8. Confidentiality and Nondisclosure.

(a) Nondisclosure Obligation. Upon signing this agreement, for the period during which this Agreement is in effect, and for 5 years following the conclusion of this Agreement, Consultant shall hold in confidence and not disclose to third parties, or make commercial or other use of, any trade secrets that he may receive or acquire from Stepan and/or its subsidiaries during the Term of this Agreement or other information acquired during the Term concerning Stepan's products, equipment, processes, designs, packaging, methods of distribution, capabilities, systems, technology, specifications, data, operating instructions, customers, marketing and sales, business plans, or any other private matters, whether or not related to the projects in which it is involved (all such information shall be referred to below as the "Confidential Information") without Stepan's prior written permission.

(b) Ownership of Materials. Any and all tangible representations of the Confidential Information, including, but not limited to, any and all lists, notes, memoranda, schedules, data sheets, written formulae, drawings, diagrams, blueprints, still or moving photographic or video pictures, models, machinery, equipment, and packaging, provided to or obtained by Consultant directly or indirectly by or from Stepan, or developed by the Consultant during the Term, and all copies thereof are and shall be the exclusive property of Stepan and must be returned to Stepan upon the first to occur of a specific request therefor by Stepan or the termination of this Agreement.

(c) Limits on Nondisclosure Agreement. Nothing herein contained shall deprive Consultant of the right: (a) to use any information which is now generally known to the trade or the public or to use any other information from and after the time it becomes so known as long as it becomes so known through no fault of Consultant; and (b) to use any information received by Consultant lawfully and in good faith from a third party who is under no obligation with regard thereto to Stepan, either directly or indirectly.

(d) No Other Rights. The Confidential Information shall remain the exclusive property of Stepan, and no license of or other right to utilize the Confidential Information or any patent, trademark, invention, copyright or other intellectual property of Stepan, either express or implied, is conveyed or shall be deemed to have been conveyed hereby. Insofar as Consultant's participation in projects under this Agreement results in improvements or modifications to Stepan's processes or products, such improvements or modifications shall be the property solely of Stepan. Consultant hereby waives any and all claims to and transfers, assigns, and conveys any and all right, title, and interest in and to any Confidential Information. Without limiting the foregoing, Consultant transfers, assigns, and conveys to Stepan any and all patent rights, including patent applications, which may result from projects on which he is involved under this Agreement. Consultant shall cooperate with Stepan as it may require to assist it in obtaining, defending, or enforcing any patent rights relating to or resulting from such projects worldwide and will execute any papers necessary to effect such patent rights.

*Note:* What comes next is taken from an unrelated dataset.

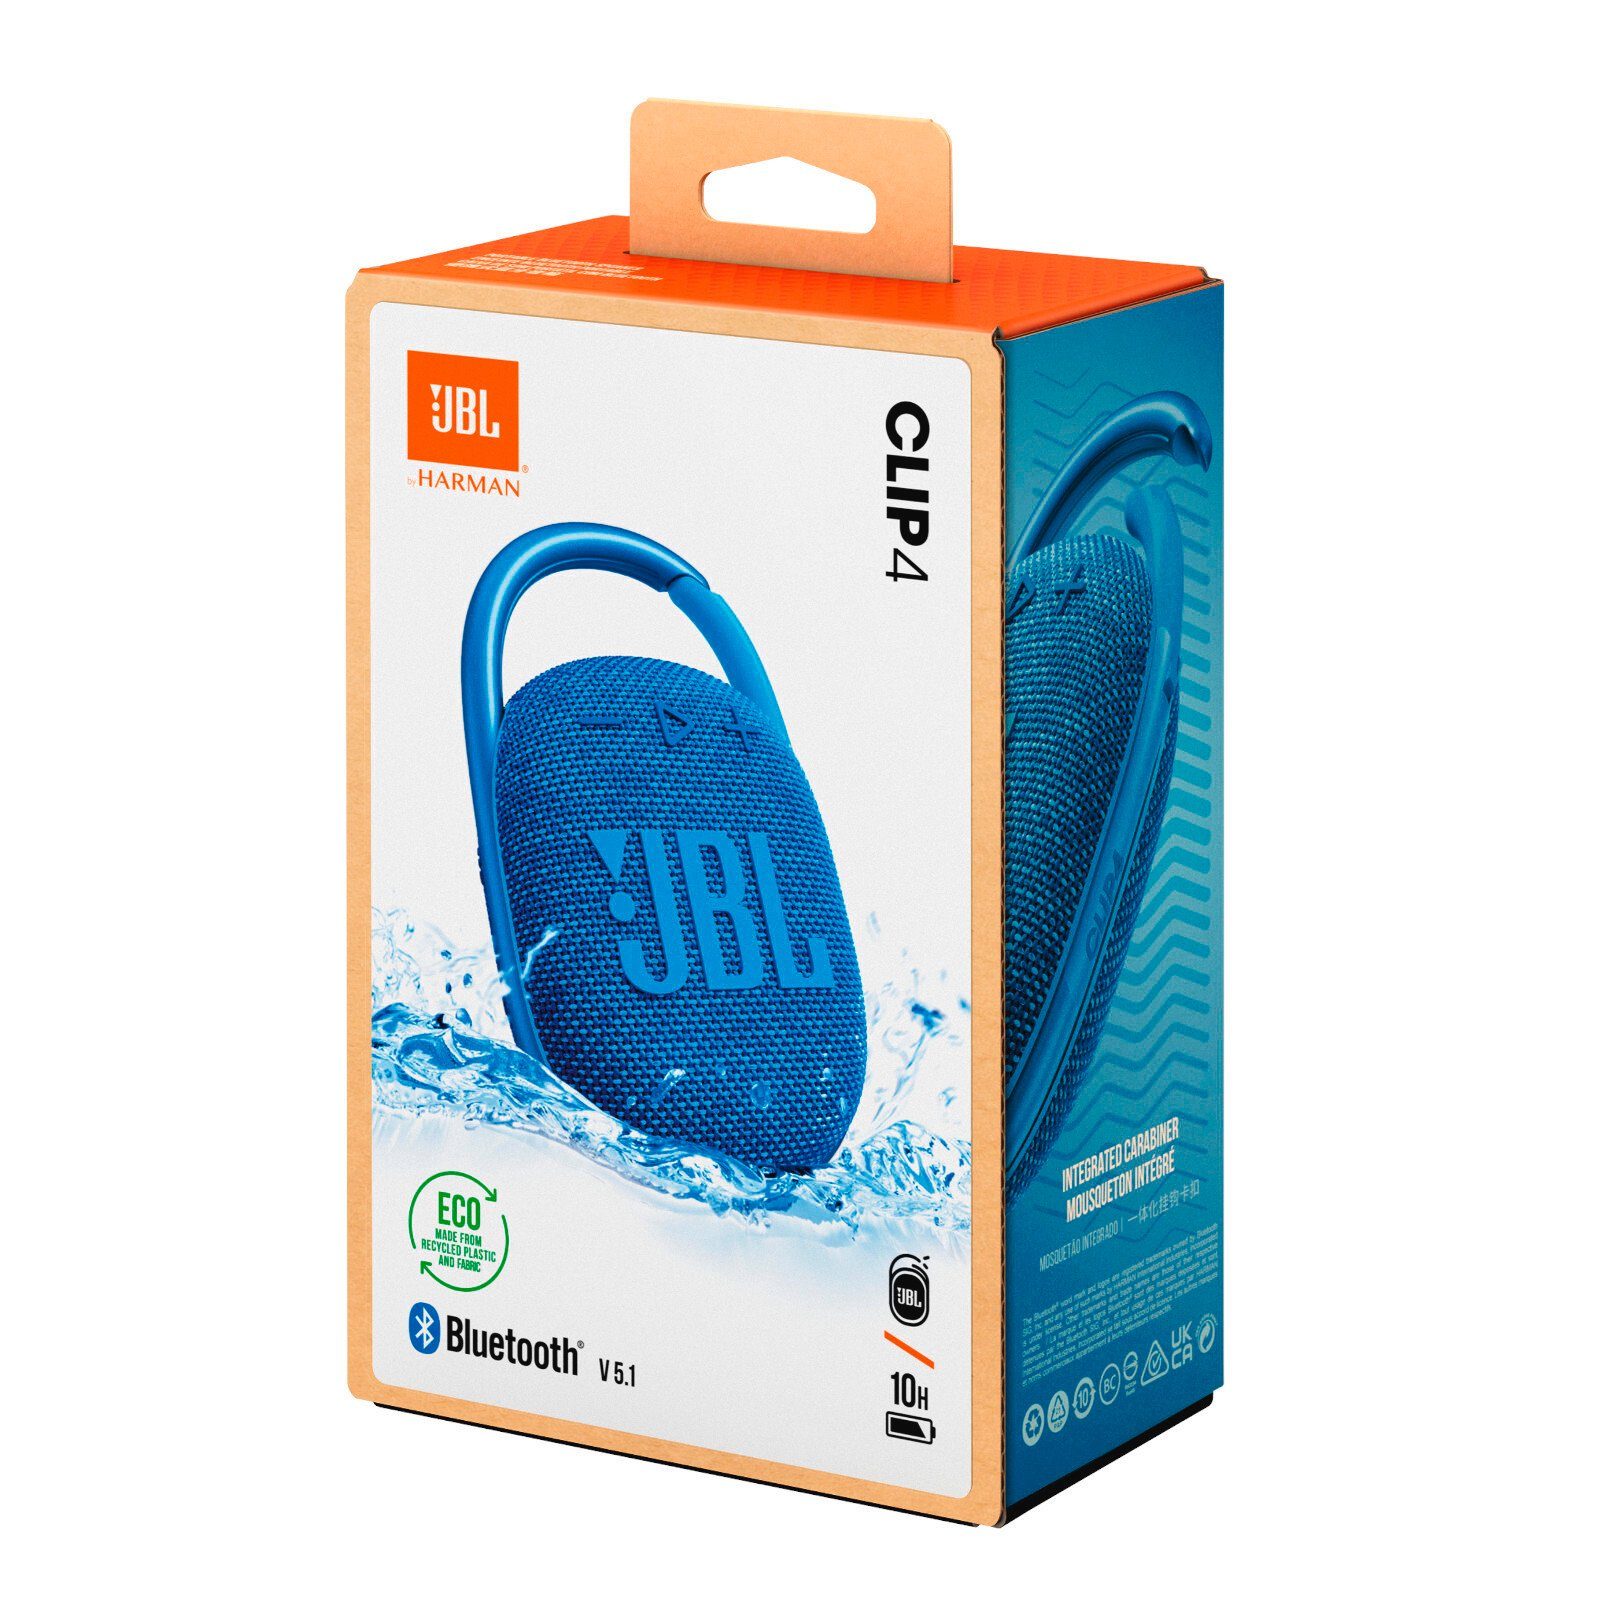 W) 4 JBL Bluetooth-Lautsprecher ECO 5 Clip (Bluetooth, Blau

(e) Damages. Consultant recognizes the competitive value and confidential nature of the Confidential Information and that any breach or threatened breach of these nondisclosure provisions by Consultant may cause Stepan irreparable injury for which monetary damages may be an inadequate remedy. Therefore, Consultant agrees that, in addition to any monetary damages to which it may be entitled, Stepan shall be entitled to temporary and permanent injunctions restraining such breach or threatened breach.

9. Restrictions on Use of Inside Information. In the course of the performance of his duties under this Agreement, Consultant may receive information that is considered material inside information within the meaning and intent of the securities laws of the United States. Consultant shall not disclose this information to others except as authorized by Stepan and will not use such information directly or indirectly for his own benefit or as a basis for advice to any other party concerning any decision to buy, sell, or otherwise deal in the stock of Stepan.

10. Survival of Obligations. The obligations of Consultant under Sections 8 and 9 above shall survive termination of this Agreement.

11. Default; Termination. If either party fails to fulfill any of its obligations under this Agreement, then that shall constitute default. In the event of a default by any party that is not cured within 30 days of notice thereof to the defaulting party, the party not in default may terminate this Agreement effective immediately upon notice to the defaulting party.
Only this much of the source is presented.